Странные речи в устах человека глубоко образованного и, как увидим ниже, умеющего говорить языком истины, любви христианской и гуманности. До того прониклась горделивой ложью официальная Византия, что и ее лучшие люди спокойно плавали в ней, как в привычной стихии. Не пришлось совсем несчастному земледельцу Фракии и Македонии увидеть те счастливые дни, о которых бредила придворная риторика.
Оставив Кипселлу, печенеги расположились недалеко от Адрианополя — в Таврокоме и провели здесь зиму. Жители Адрианопольской области своими слезами могли бы свидетельствовать о том, что законы цивилизованных стран не писаны для диких кочевников. Сам император Алексей, серьезно выслушивавший обязательную лесть, не обманывал себя насчет продолжительности мира с печенегами. Всю зиму он занят был приготовлением возможных средств обороны. В ожидании помощи, обещанной графом Фландрским, он составил особый отборный полк так называемых архонтопулов из сыновей убитых воинов, наименованный так (архонтопулы — сыновья архонтов) ради почета и поощрения к военной доблести. Специально приготовленный к борьбе с печенегами и обученный самим, опытным в военной тактике, императором, этот двухтысячный отряд напоминал классически образованной дочери Алексея «священный отряд лаконцев»[57].
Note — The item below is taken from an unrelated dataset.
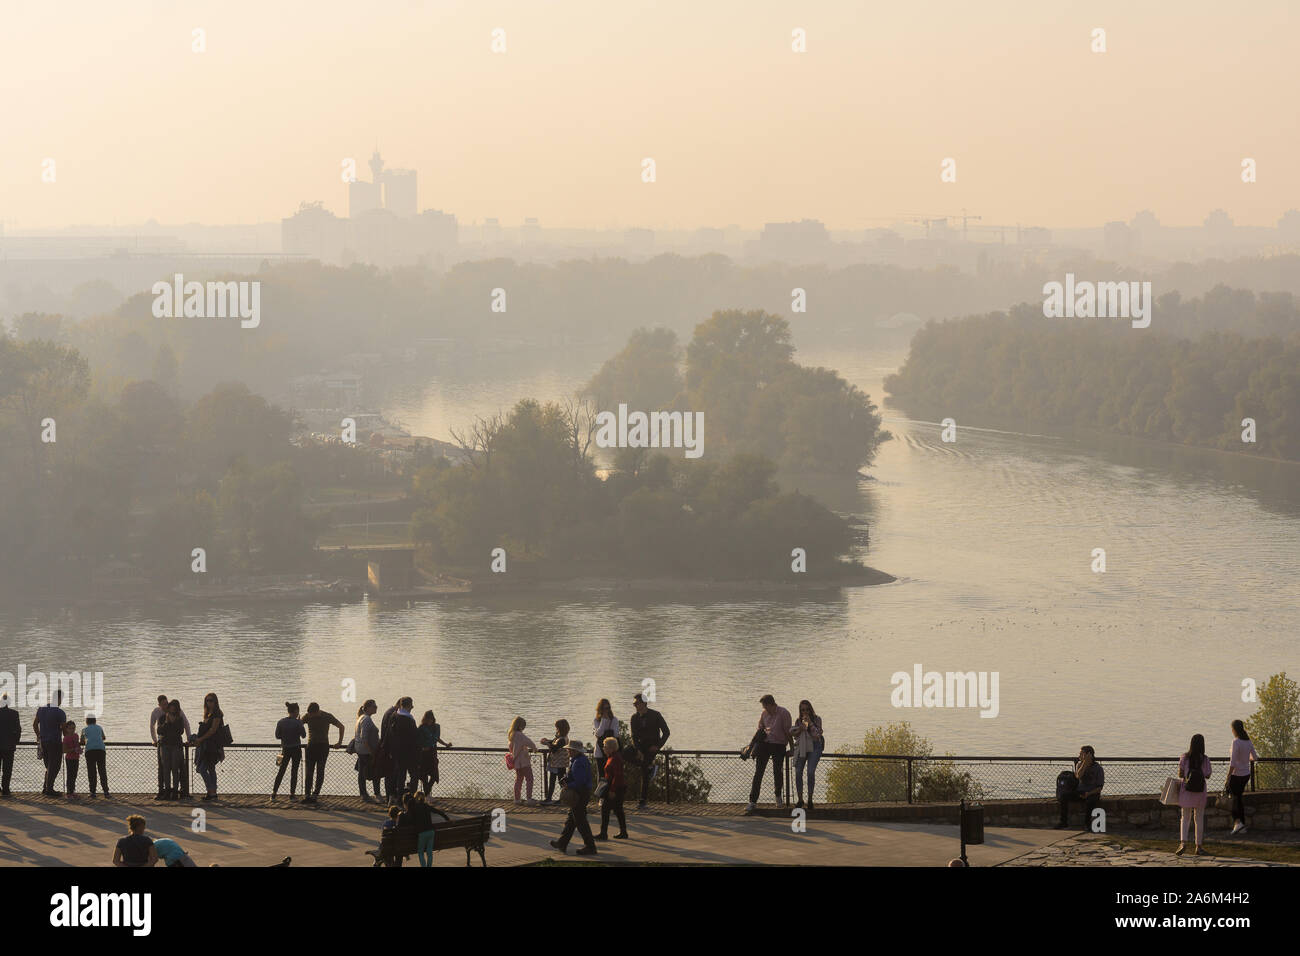 Belgrad Luftverschmutzung - Touristen auf dem Kalemegdan genießt die Aussicht von Belgrad unter dichtem Dunst aufgrund von saisonalen Luftverschmutzung. Serbien, Europa. Stockfoto

Едва наступила весна 1090 года, как печенежские шайки появились опять близ Хариуполя, где мы их уже раз видели. Здесь произошла схватка, кончившаяся несчастно для византийцев: архонтопулы должны были сделать первую пробу своей пригодности, и триста юношей положили свои головы перед печенежскими телегами, на которых стояли меткие стрелки зорких кочевников. Император Алексей оплакал лично дорогих ему юношей, проливая горькие слезы и произнося горячие причитания. Удачнее была схватка под Апром (Апри), который Алексей успел занять ранее печенегов. Печенежский отряд, вышедший на добычу, был разбит Татикием с франками: триста буйных голов печенежских попались в плен. Некоторым утешением и ободрением послужило также прибытие рыцарского отряда из далекого запада; граф Роберт блистательно исполнил свои обещания: пятьсот отборных всадников явились для борьбы с печенегами на помощь Алексею; закованные в железо, смелые и гордые рыцари Фландрии были самой страшной грозой для легких печенежских стрелков. Византийский император так нуждался в коннице и конях, что принял с великой благодарностью полтораста лошадей, присланных в подарок ему лично Робертом Фризом; сверх того купил у новоприбывших за деньги их запасных лошадей. К несчастью, Алексей не мог дать рыцарям того назначения, которое предполагалось для них первоначально.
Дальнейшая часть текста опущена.